Necessity$\phantom{--}$ Suppose that $X$ is extremally disconnected. Let $U,V\subseteq X$ be disjoint open sets. For the sake of contradiction, assume that $x\in(\operatorname{cl} U)\cap(\operatorname{cl}V)$. Since $V^{\mathsf c}$ is closed and $U\subseteq V^{\mathsf c}$, it follows that $\operatorname{cl}U\subseteq V^{\mathsf c}$. Similarly, $\operatorname{cl} V\subseteq U^{\mathsf c}$. Therefore, $x$ is neither in $U$ nor in $V$. But since $x\in\operatorname{cl} U$, it must be an accumulation point of $U$. Given that $\operatorname{cl} V$ is an open neighborhood of $x$, there must exist some $y\in U\cap(\operatorname{cl} V)\subseteq U\cap U^{\mathsf c}=\varnothing$, a contradiction.
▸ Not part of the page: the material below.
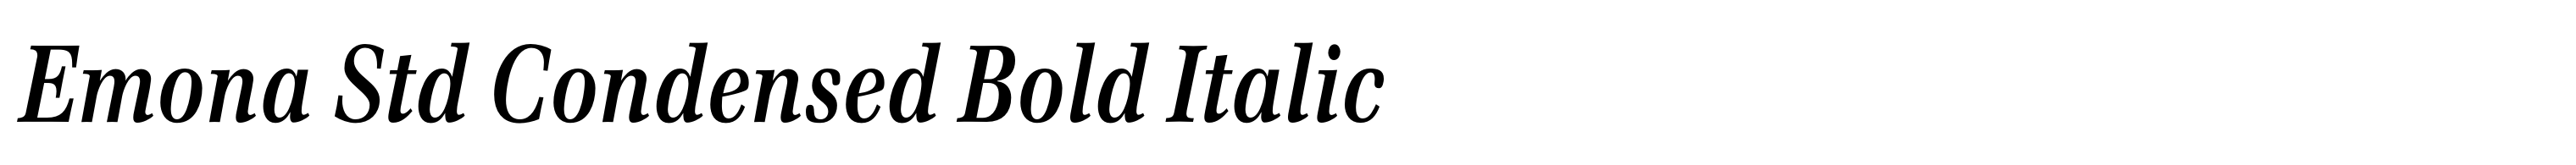 Emona Std Condensed Bold Italic
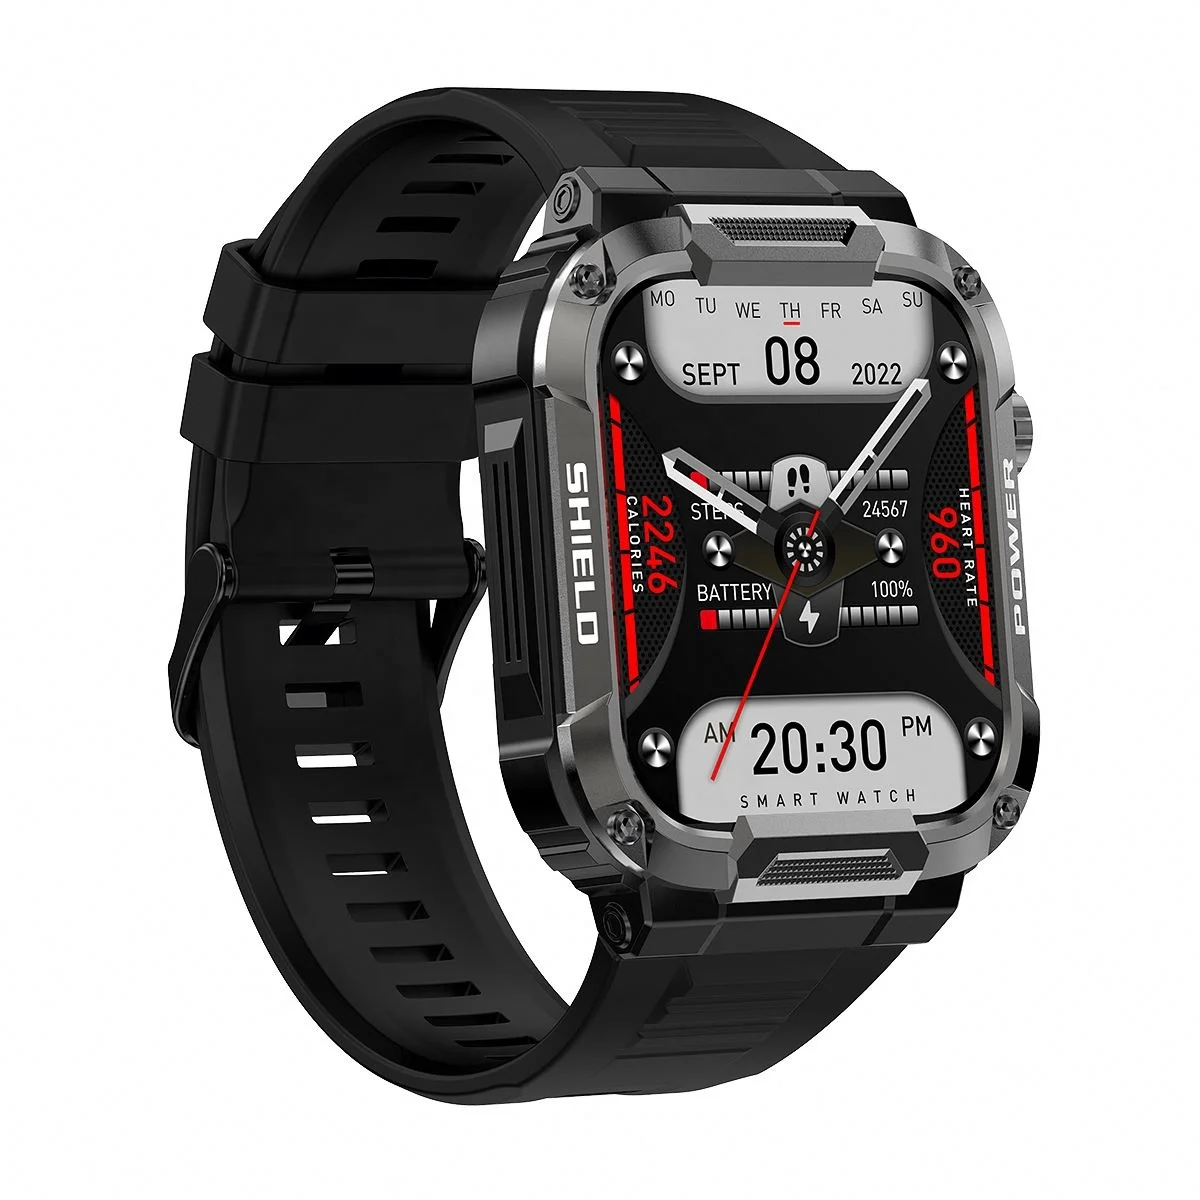 

MK66 Smart Watch 1.85 Inch Touch Screen GloryFit IP68 Waterproof MK66 Rugged Smartwatch for Men Outdoor Sports

Sufficiency$\phantom{--}$ For the other direction, suppose that $X$ is not extremally disconnected. Then, there exists an open set $S\subseteq X$ such that $\operatorname{cl} S$ is not open. This means that $\operatorname{int}(\operatorname{cl}S)$ is a strict subset of $\operatorname{cl}S$, so that there exists some $x\in\operatorname{cl}S$ such that $x\notin \operatorname{int}(\operatorname{cl}S)$. But then $$x\in[\operatorname{int}(\operatorname{cl}S)]^{\mathsf c}=\operatorname{cl}[\operatorname{int}(S^{\mathsf c})],$$ so that $S$ and $\operatorname{int}(S^{\mathsf c})$ are disjoint open sets, yet their closures intersect.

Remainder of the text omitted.